Roden subsequently filed a petition for writ of habeas corpus, alleging that SDCL 24-15-5 is unconstitutional and that one of his prior convictions was for a misdemeanor and could not be taken into account in establishing his parole eligibility date. The trial court agreed that Roden should be considered only a two-time offender; however, the court rejected Roden's constitutional claims and entered an order quashing the writ. Roden's two-time offender status is not an issue in this appeal.

ISSUE

On appeal, Roden argues that SDCL 24-15-5 violates the equal protection provisions of the state and federal constitutions since a second offender seeking parole is treated differently than a second offender facing sentencing.

RODEN'S CLAIMS

According to Roden, a trial court has a certain amount of discretion when sentencing *422 a habitual criminal, while under SDCL 24-15-5 the Board of Pardons and Paroles has no discretion in setting dates for parole eligibility. Roden maintains that there is no arguable distinction between a second offender seeking parole and one being faced with sentencing, and, therefore, they must be treated the same. We disagree.

DECISION

The equal protection clauses require that every person's rights be governed by the same rule of law under similar circumstances. State v. Secrest, 331 N.W.2d 580 (S.D.1983), appeal dismissed, 464 U.S. 802, 104 S. Ct. 47, 78 L. Ed. 2d 68 (1983); U.S.Const. amend. XIV; S.D.Const. art. VI, § 18. A second offender facing sentencing is clearly not in the same situation as one seeking parole. The purpose of the habitual criminal statutes is to punish a defendant for his persistence in crime. 39 Am. Jur.2d Habitual Criminals § 2. The object of the parole laws is rehabilitation rather than punishment. 67A C.J.S. Pardon and Parole § 40; SDCL 24-15-8(1). Sentencing is a judicial act, while parole is a function of an appointed board administered under the direction of the Board of Charities and Corrections. SDCL 24-13-3. It is the parole board's duty to evaluate the inmate's conduct and rehabilitative progress in deciding his eligibility for parole consideration. This is a totally different criteria of thought process than that which confronts a sentencing judge.

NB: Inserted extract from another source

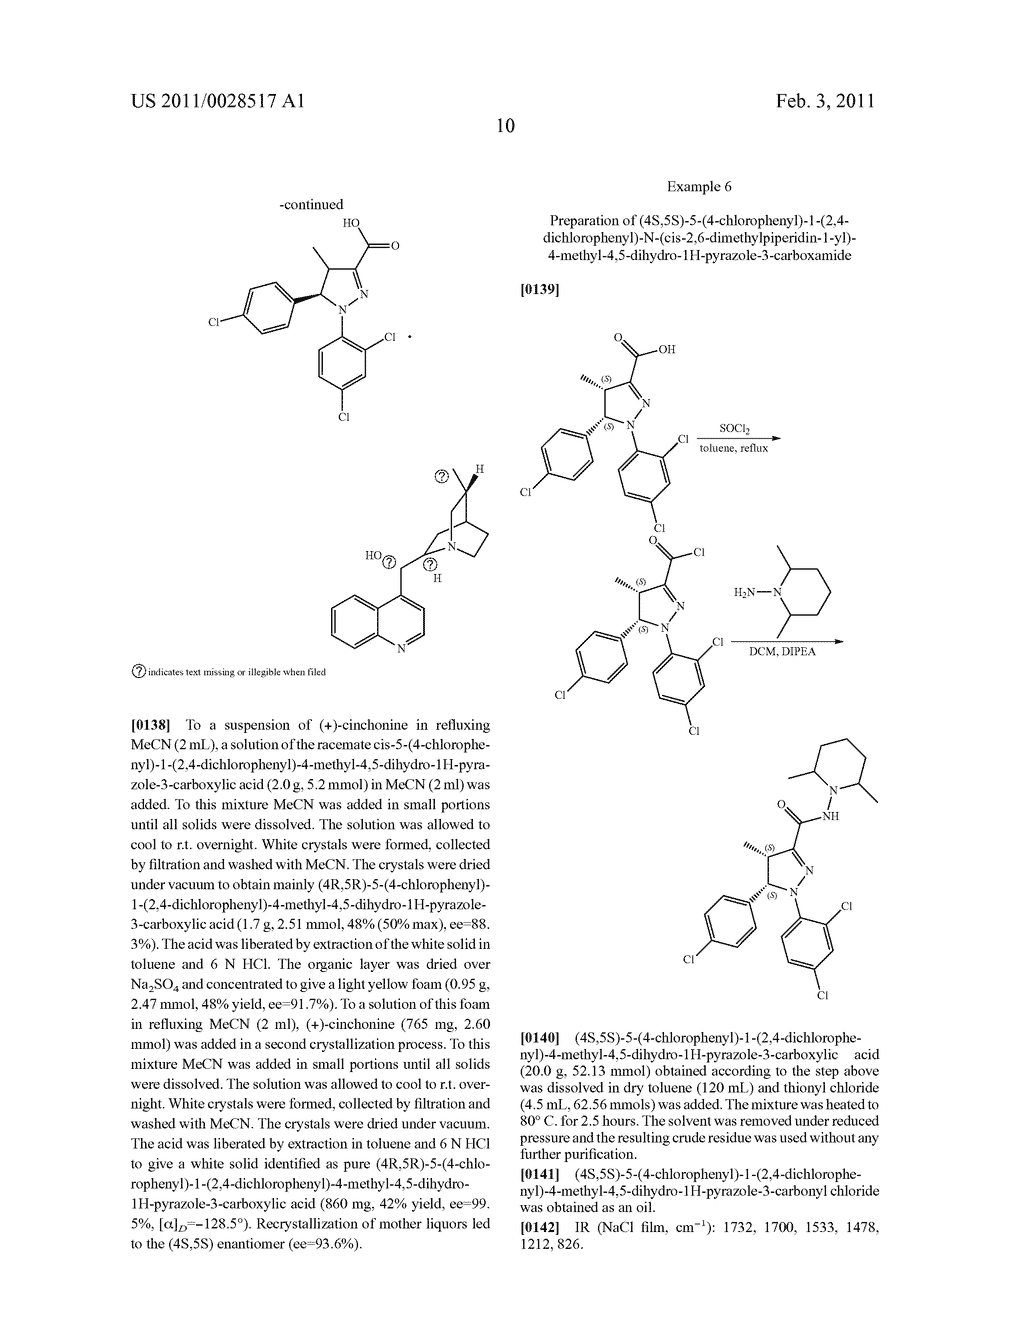 4-METHYL-4,5-DIHYDRO-1H-PYRAZOLE-3-CARBOXAMIDE USEFUL AS A CANNABINOID CB1 NEUTRAL ANTAGONIST - diagram, schematic, and image 18

Since parole and sentencing are very different circumstances, the parties involved in the respective proceedings need not be governed by the same rule of law. Consequently, complete equal protection analysis is not required to dispose of Roden's claim. See Janish v. Murtha, 285 N.W.2d 708 (S.D.1979). We conclude that Roden's equal protection rights have not been violated.

The order of the trial court is affirmed.

MORGAN, SABERS, and MILLER, JJ., concur.

WUEST, C.J., concurs specially.

WUEST, Chief Justice (concurring specially).

I concur, but write to strengthen the majority opinion by pointing out that sentencing is a judicial function, whereas parole is an executive function operating as a check on the judiciary. We are a government of checks and balances with the separation of powers among the executive, legislative, and judiciary.